Two favourite passages from ‘On the Cause’ in From Paris to St. Petersburg: Selected Diaries of Zinaida Hippius, trans. Temira Pachmuss. I had never expected to find it in a library, and I’m gutted that I didn’t have time to finish it before leaving the country for four months, but it’s nice to think that I’ll still have some left, something new – words of Gippius’ I don’t already know – waiting for me when I return.
Three things, one silly and two proper:
One: While reading the first diary in the book, ‘Contes d’amour’, and as she recounted her many involvements with other men but made no mention of Merezhkovsky, I found myself wondering just when it was that the two of them had got married. At first I said to myself ‘oh, my mistake – she must have married later than I thought’, and a little later, as the diary progressed through the 1890s – ‘she’s still not married? I know less than I thought’. Finally, as the diary reached the turn of the century and still she had made no mention of Merezhkovsky, I looked it up – and it turns out they wed in 1889, so that she’d been his wife the entire time. Good grief.
Two: One of the reasons I adored ‘On the Cause’ so much in particular is because of the way in which it reads just like a novel. I wish I could quote to give examples but of course I won’t have it to hand until Christmas, but I think this is evident in the two passages above (and that’s why I had liked them so much). All her actions are so serious and every word, every gesture (a kiss, for example) imbued with such a profound level of meaning. I find myself thinking again of the way in which Teffi wrote about her, her surprise at the fact Gippius and Merezhkovsky were real people who spoke of everyday things and loved crime novels. How does Gippius manage to put forward in ‘On the Cause’ a life that is so fictional? How does she imbue everything with such drama, everything a little beyond what we might expect of a person, and how are her relationships with Merezhkovsky and Filosofov portrayed with such intensity, as if we might watch them in a brooding period film? Is she simply leaving out everyday matters, and only writing very selectively? To a certain extent I think so, and that this is natural; she is, after all, setting out to write only about her C/church and its conception – we shouldn’t expect to find everything here. And yet I wonder, reading her, if we might all seek such things – the profound, the spiritual – in our own lives; that they are there, but we do not know it, we are not used to looking. All our emotions have depth and perhaps Gippius is simply better at getting to those depths than us, and therefore able to better write of them and put forward her life, faith, and actions in a particular way. If this is so, that perhaps we aren’t as attuned to such things as she, I believe it’s because…
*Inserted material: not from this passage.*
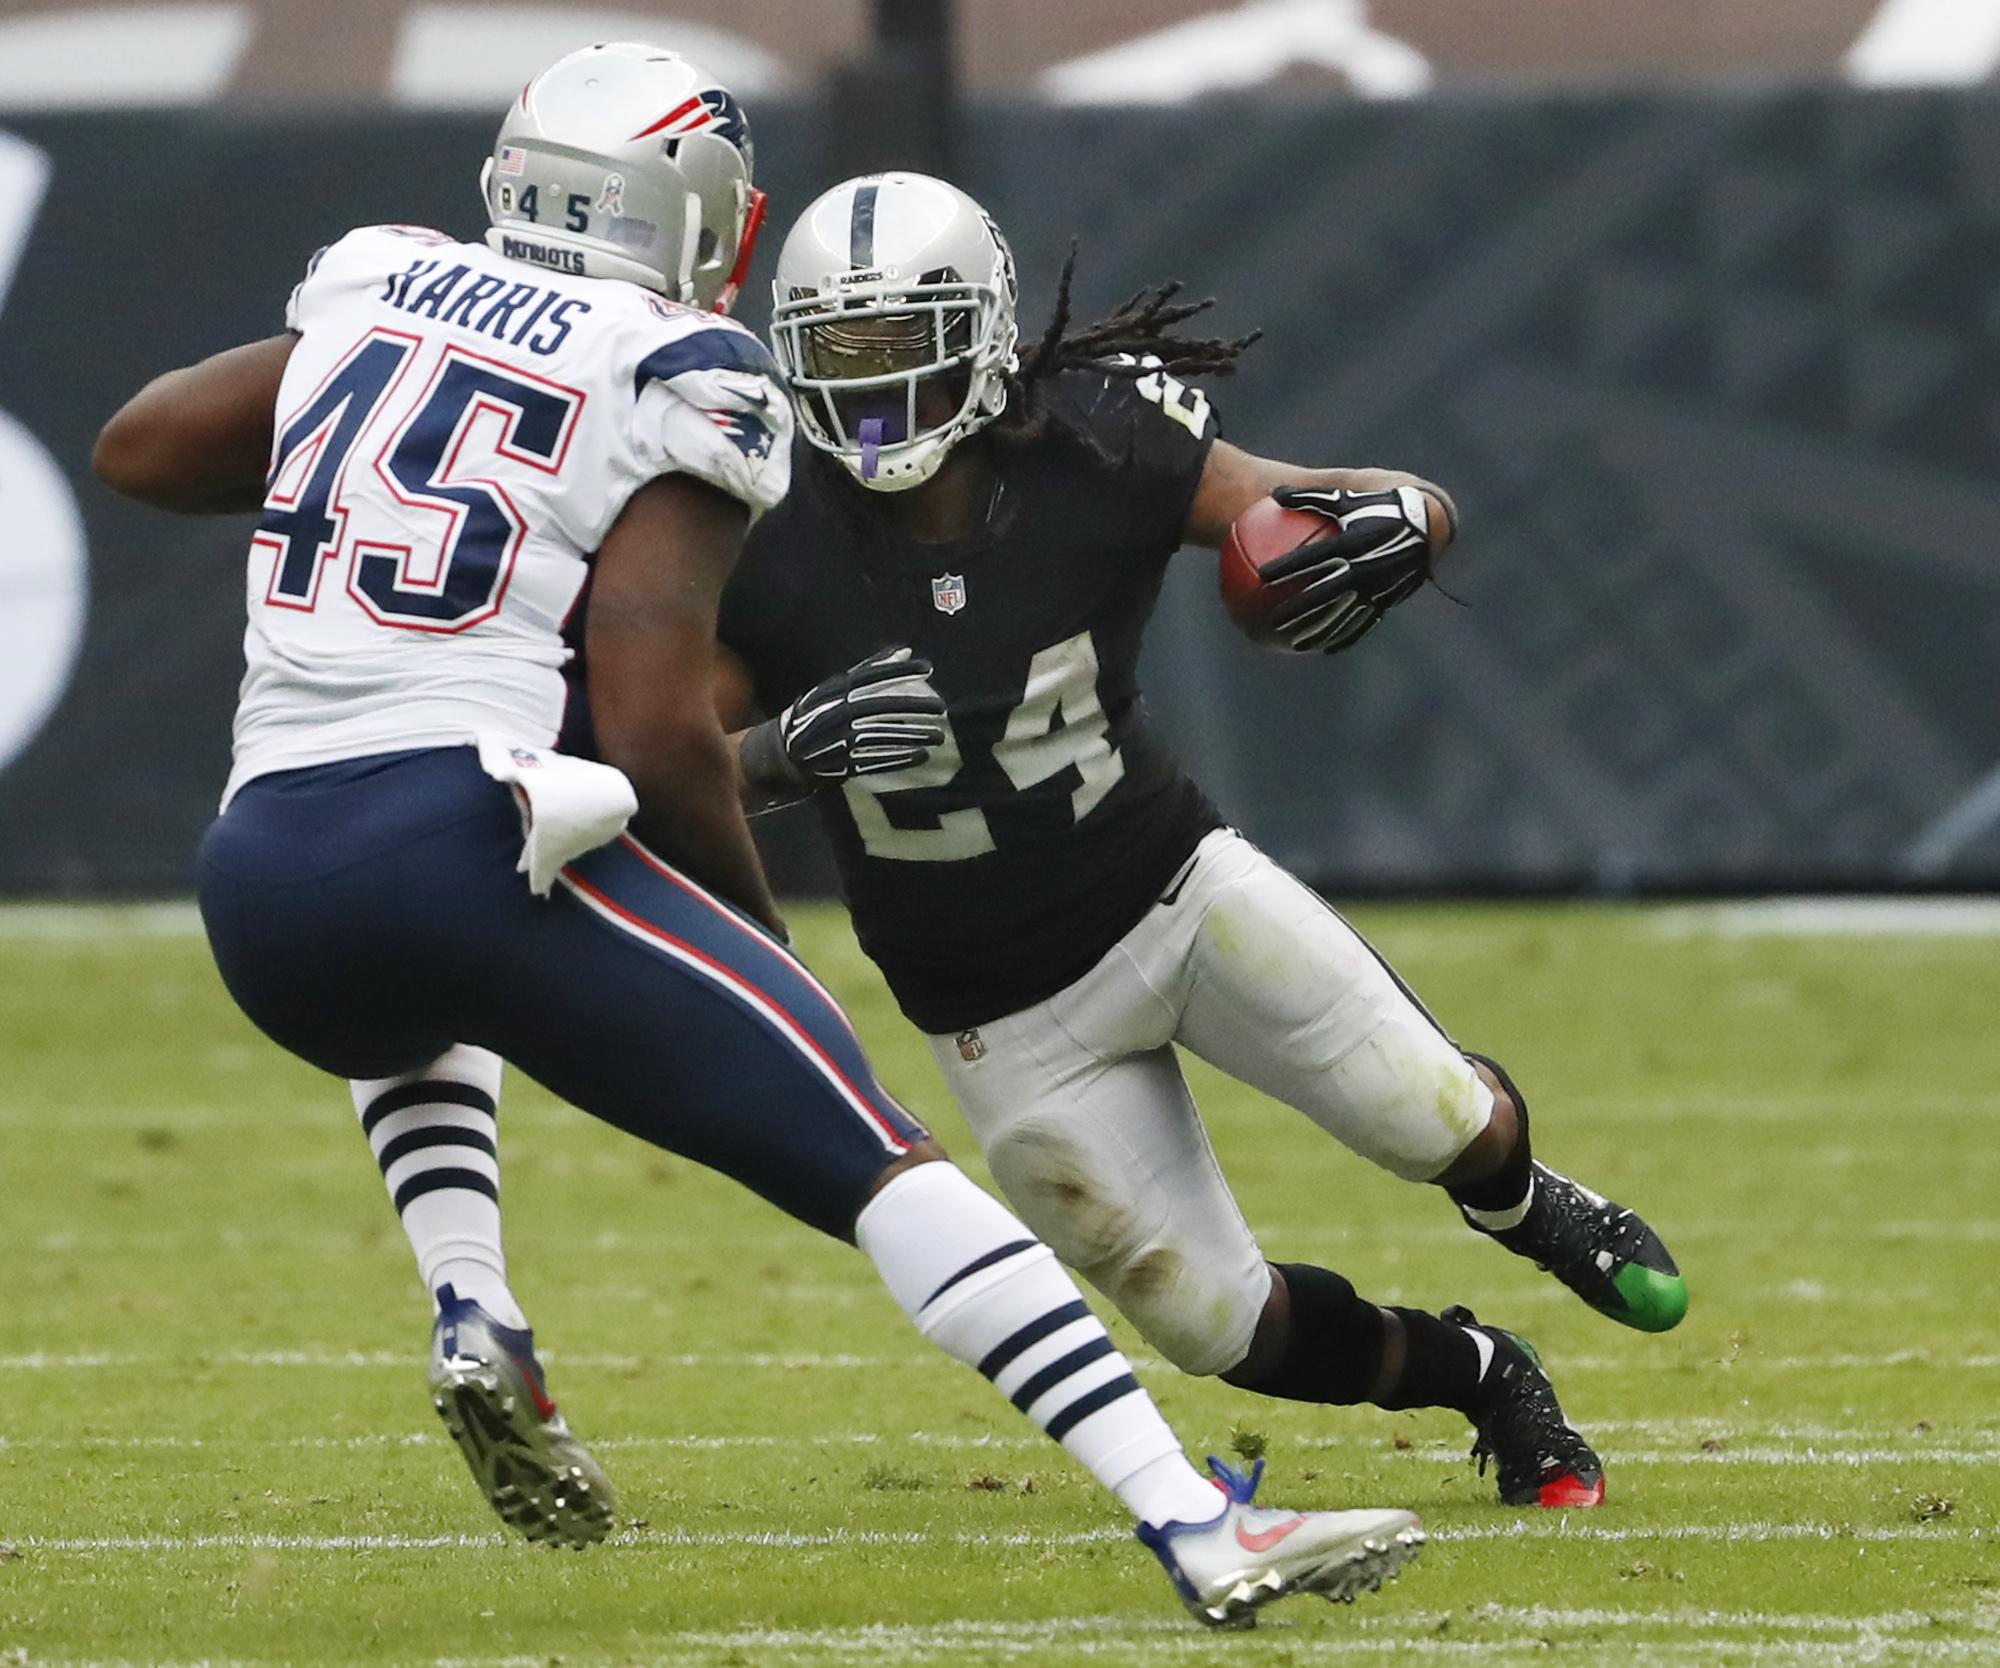 ba6a3a35f78 Patriots linebacker David Harris retires - The Boston Globe

Three: …one of the things I draw from most in Gippius’ writing is the way in which she seems to know herself; and again I wish I could quote to prove it, but those who have read her might know what I mean. It is, to me, one of the most admirable of qualities, and one I always strive for. How can we expect to write about others – and therefore understand others – if we are not ready to try and understand ourselves? How can those who write find the words to best describe others if we do not know the words we would use for ourselves?
To me Gippius is very good at this grappling with oneself, trying to understand oneself, as much as a struggle as it may often be. If her emotional, spiritual, and sexual convictions change – and they often do! – they are while she holds them clear and ardent, and she is able to not only articulate them with astonishing eloquence but chart their developments, crises, and contradictions with great honesty.
I’m afraid of not being able to articulate what I mean and that my thoughts about it end up not being about Gippius any longer at all; yet perhaps it’s important that we are then able to ‘go forward’ with what a text has taught us and begin to apply it elsewhere. So: I think such an ability to look into oneself (rather than at oneself – for I think there is a difference) without fear might offer more than just ‘practice’ for the writer; we might use it to enrich our own lives and to heal. By its greater insight, seeking to so deeply ‘know’ ourselves might spare us pain and confusion; for though she is able to regard her perceived shortcomings with certain objectivity, reading Gippius I see also an acknowledgement of the reality (for I hate the word ‘validity’!) of her emotions, as well as a great respect for them. Rather than hiding from certain feelings, and refusing to examine why we hold certain beliefs, we might be able to more readily confront them: if we can say ‘I feel like x, because of y, and I know it and admit it’ then perhaps it becomes a little easier to say ‘if I wish to change this, I must seek to do z.’ – and be kinder to ourselves about everything: ‘I feel x, but this was caused by y, so it’s only natural my response should be z and I shouldn’t punish myself for it.’
We are always with our selves, so we must learn to understand them in order to live with them; seeking such a level of introspection and understanding of the self as Gippius’ might, I believe, allow us all a greater degree of compassion and self-love.